Too often racist exclusions from democratic participation are thought of as something from America, whether during the Jim Crow era or in present day, as with Georgia’s new voting laws that will inevitably and negatively affect people of colour most. Canada, however, is not innocent of similar laws that enacted such exclusion within what is living memory for many. Although democracy is more than just voting, to use the right to vote as an example of participation in society, it was not until 1948 that all racialized Asian people 18 years of age and older were permitted to vote. And not until 1960 were all First Nations people 18 years of age and older permitted to vote regardless of where they live and without giving up their Indian status (the antiquated and racist term still used to “officially” validate an Indigenous person’s identity as Indigenous). Just in terms of voting, Canada has not been democratic for very long, and, arguably, Canada still has a good number of democratic shortcomings. For example, the overrepresentation of BIPOC bodies in unwarranted arrests and as fatal victims of what are supposed to be wellness checks suggests that the services that are structured by the elected government and funded with taxpayer money are not equitably fulfilling their roles.
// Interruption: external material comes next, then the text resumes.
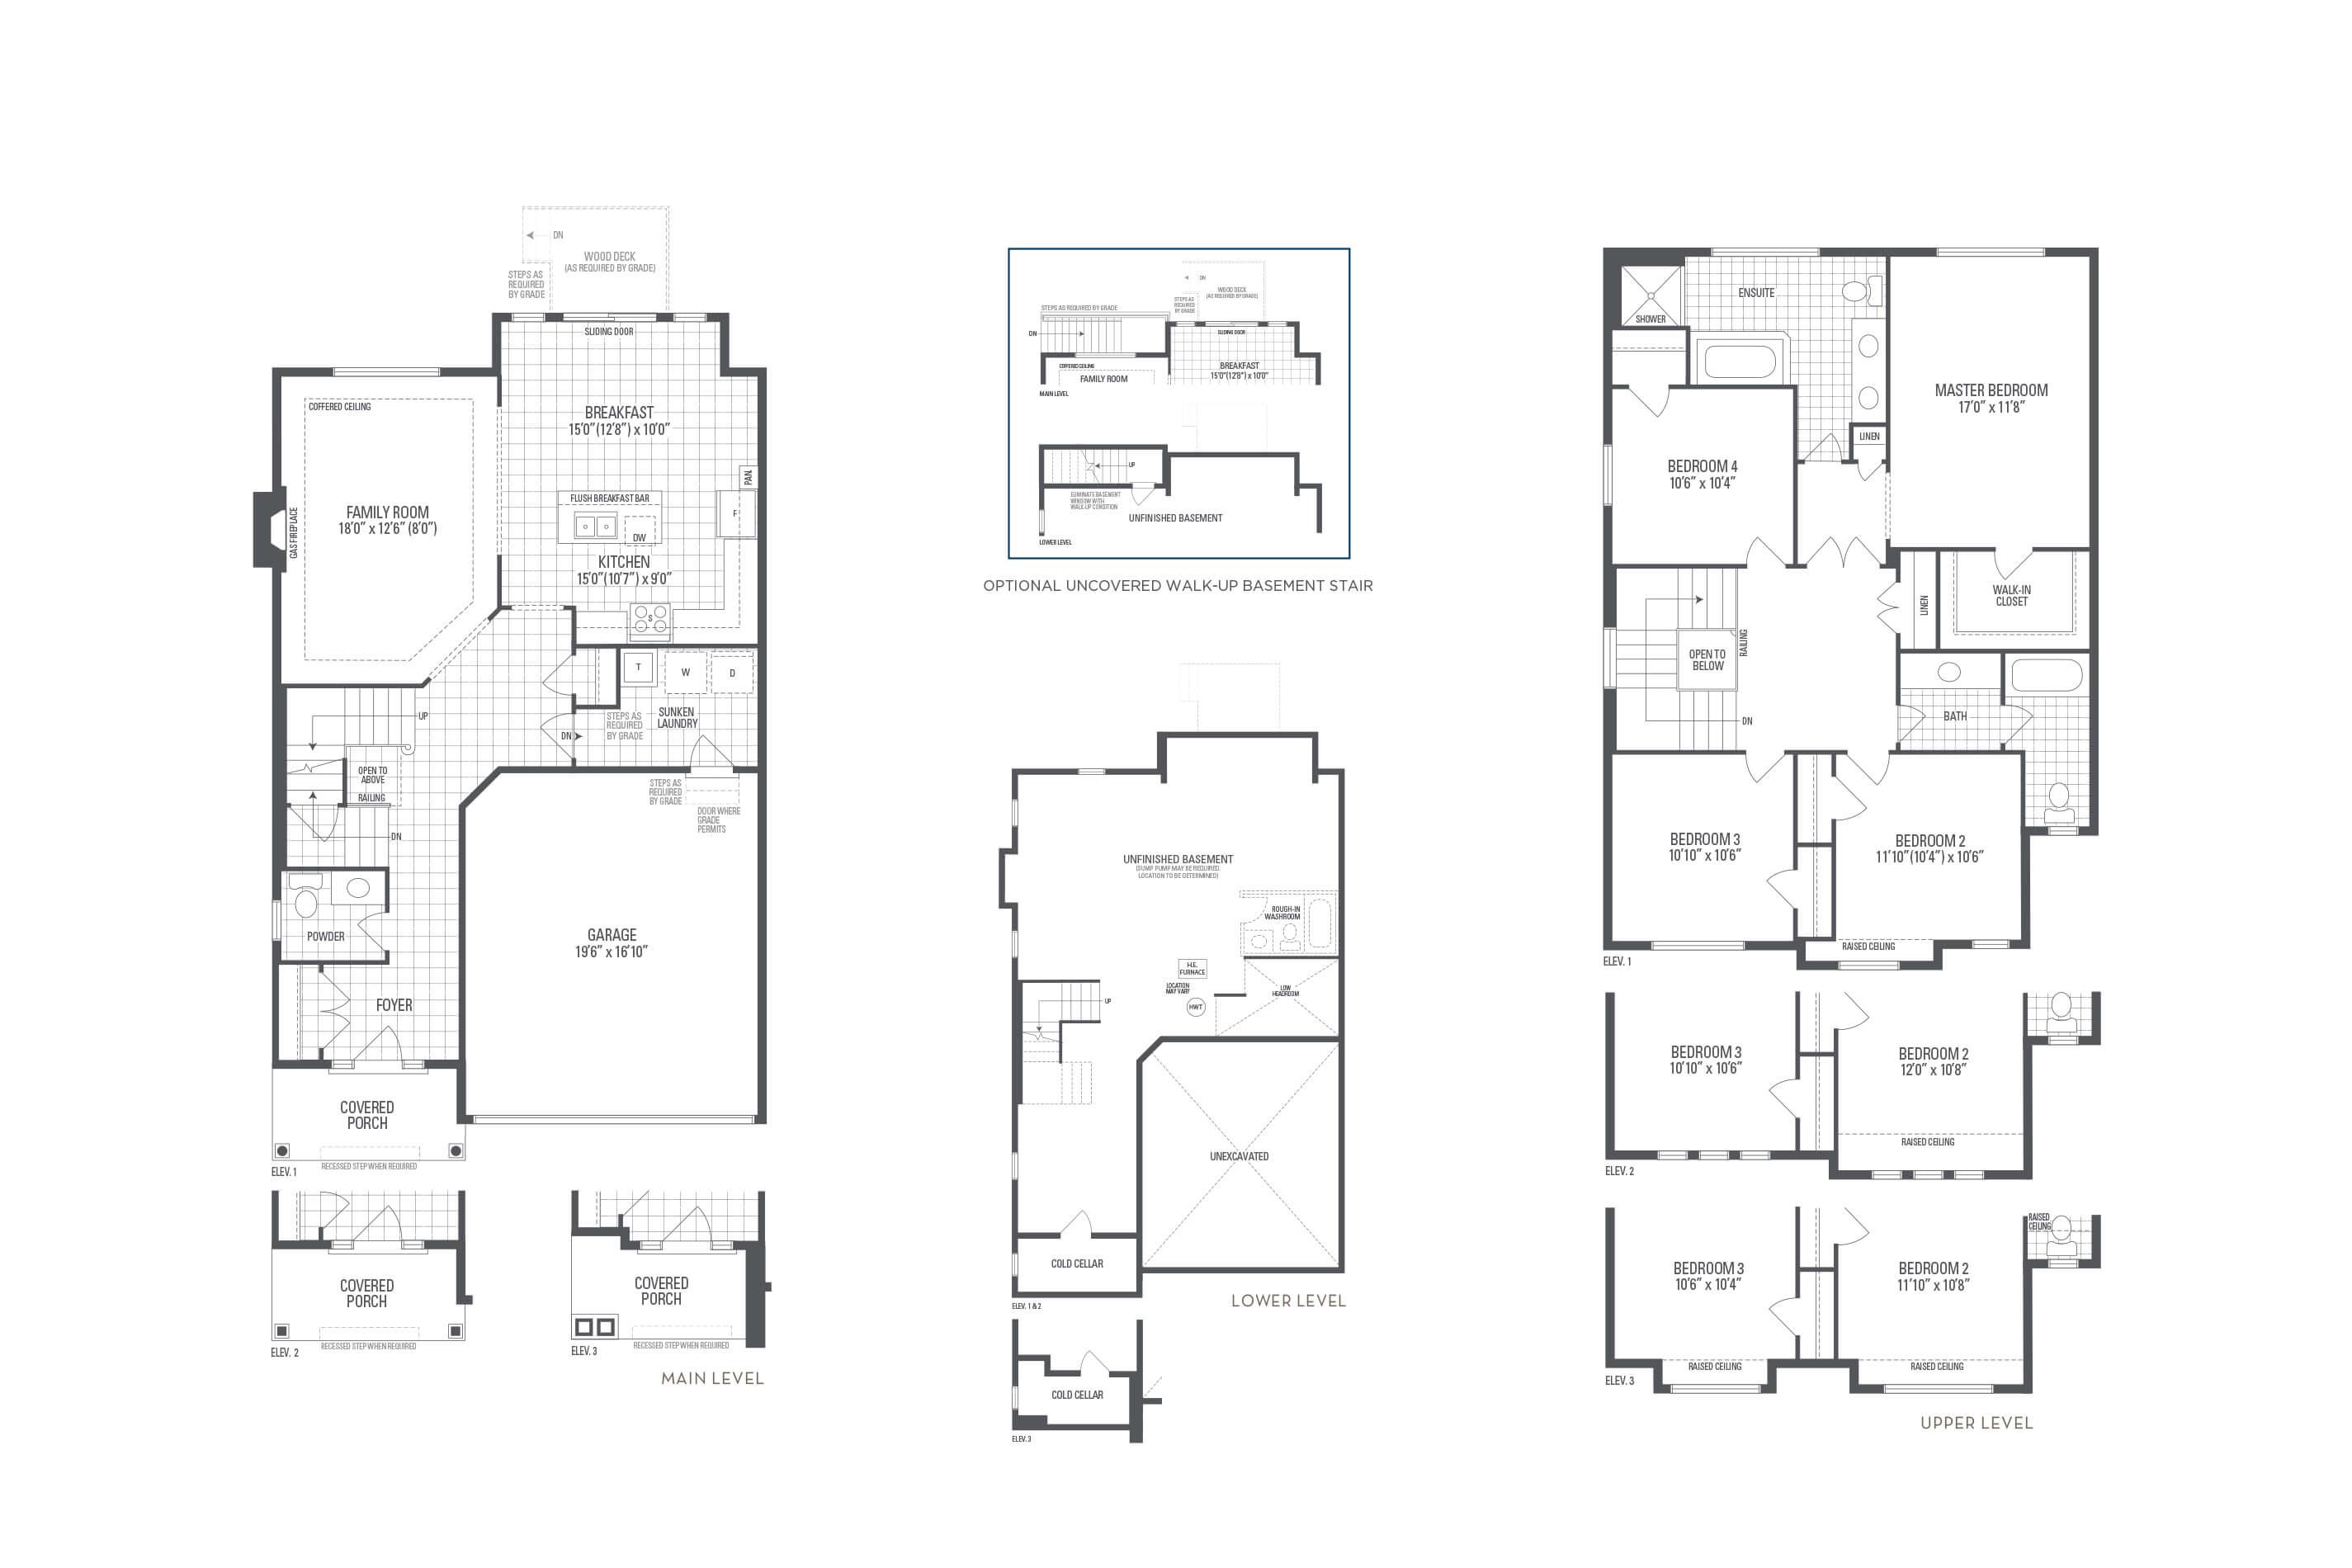 Brooklyn 01 Elev. 2 Floorplan

Democracy is not something that is simply given, and it is something that must be (re)created. It is not enough for a person to cast a vote on election day or recycle their plastics or volunteer at a soup kitchen. To be sure, I don’t discourage any of these actions. However, democracy is not only ‘doing your part’ and also means contributing to ensure that no person is blocked from contributing to society as well. If people are excluded from participating and different racialized identities are deemed as naturally belonging while others are not, democracy begins to crumble. Antiracism may not be a fix-all, as other barriers exist in relation to gender, sexuality, religion, physical abilities, etc., but it can help to (re)create democracy by naming, disrupting, and ending any systems and actions that maintain white supremacist barriers against BIPOC identities.

Indeed, at least on paper, the Ontario Grade 10 Civics and Citizenship curriculum does frame the teaching about democratic society as educators guiding students in learning to be engaged, active, and responsible citizens within the local, national, and global communities to which they belong. The curriculum states that students will learn to “analyse key responsibilities associated with Canadian citizenship (e.g., voting, obeying the law, paying taxes, jury duty, protecting Canada’s cultural heritage and natural environment, helping others in the community) (Specific Expectation B3.2). The curriculum also lists that students should learn to “explain how various actions can contribute to the common good at the local, national, and/or global level (e.g., engaging in a non-violent protest can heighten awareness of an issue and pressure for change […]) (Specific Expectation C1.3). The Civics and Citizenship curriculum, however, mentions addressing racism only once, and only as an example — not a requirement — under the expectation that students will learn to “describe some civic issues of local, national, and/or global significance” (Specific Expectation B1.1). The actions that students are expected to learn are largely about upholding the national status quo (e.g., voting, obeying the law, paying taxes, jury duty, protecting Canada’s cultural heritage and natural environment, helping others in the community) while they are expected to learn to only “explain” and “describe” the possibilities for participating in the disruption of exclusions.

Learning to be a democratic citizen does not mean all students have to become activists in the streets. Some of them will, and that’s great, but all students need to recognize themselves in relation to other people and see their own (in)actions as having effects on other bodies (Donald, 2009). If students are taught to value and perhaps even champion democracy, they should inevitably be taught to acknowledge that they live in a society with other people who hold many different identities. As such, teaching democracy should mean teaching students to ensure that no person is excluded, which insists upon antiracism being an underpinning feature to teaching democracy. To bring it back to Dewey, if democracy “is equivalent to the breaking down of those barriers of class, race, and national territory,” teaching democracy equates to helping students find ways to participate in (re)creating society actively and intentionally every day.

References

Dewey, J. (1916). Democracy and education. Project Gutenberg. Retrieved from https://www.fulltextarchive.com/pdfs/Democracy-and-Education.pdf

Donald, D. T. (2009). Forts, curriculum, and Indigenous Métissage: Imagining decolonization of Aboriginal-Canadians relations in educational contexts. First Nations Perspectives, 2(1), 1–24.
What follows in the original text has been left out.